By using concern about the European war to justify running for a tradition-breaking third term, Roosevelt brought down on his head the hatred of conservative Republicans and the isolationists of both major parties, just when they thought they would be rid of him. The Republicans nominated the darkest of dark horses, Wendell L. Willkie of Indiana, the utility magnate who had led the fight against the TVAin 1933.

Despite his political inexperience and Wall Street connections, Willkie made an appealing candidate. He was an energetic, charming, openhearted man. His rough-hewn, rural manner (one Democrat called him “a simple, barefoot Wall Street lawyer”) won him wide support in farm districts. Willkie had difficulty, however, finding issues on which to oppose Roosevelt. The New Deal reforms were too popular and too much in line with his own thinking to invite attack. He believed as strongly as the president that America could no longer ignore the Nazi threat.
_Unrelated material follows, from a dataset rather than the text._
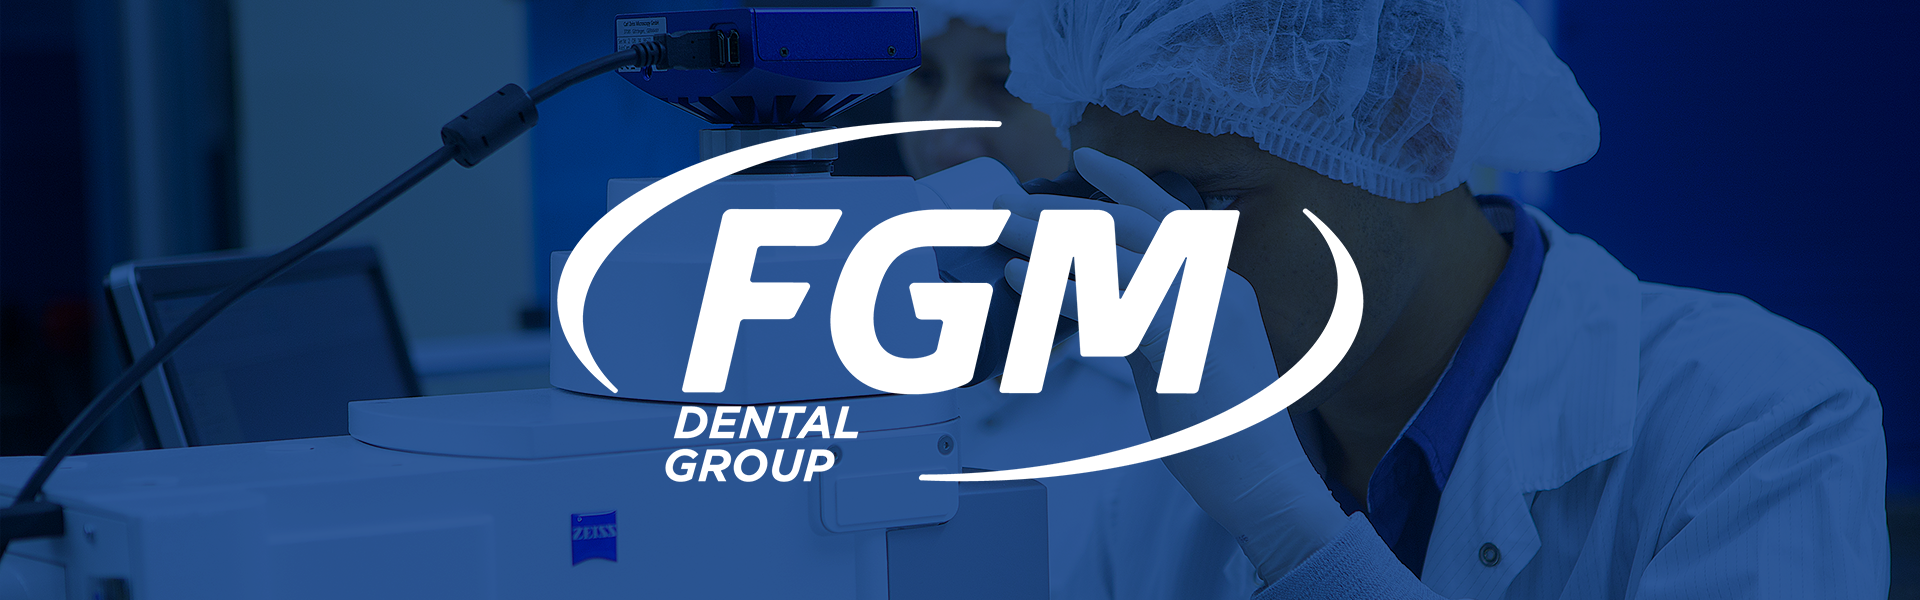 caoa fgmdental blog - Processos regulatórios da FGM garantem a segurança e qualidade ao resultado final

In the end Willkie focused his campaign on Roosevelt’s conduct of foreign relations. While rejecting the isolationist position, Willkie charged that Roosevelt intended to make the United States a participant in the war. “If you reelect him,” he told one audience, “you may expect war in April 1941,” to which Roosevelt retorted (disingenuously, since he knew he was not a free agent in the situation), “I have said this before, but I shall say it again and again and again: Your boys are not going to be sent into any foreign wars.” In November Roosevelt carried the country handily, though by a smaller majority than in 1932 or 1936. The popular vote was 27 million to 22 million, the electoral count 449 to 82.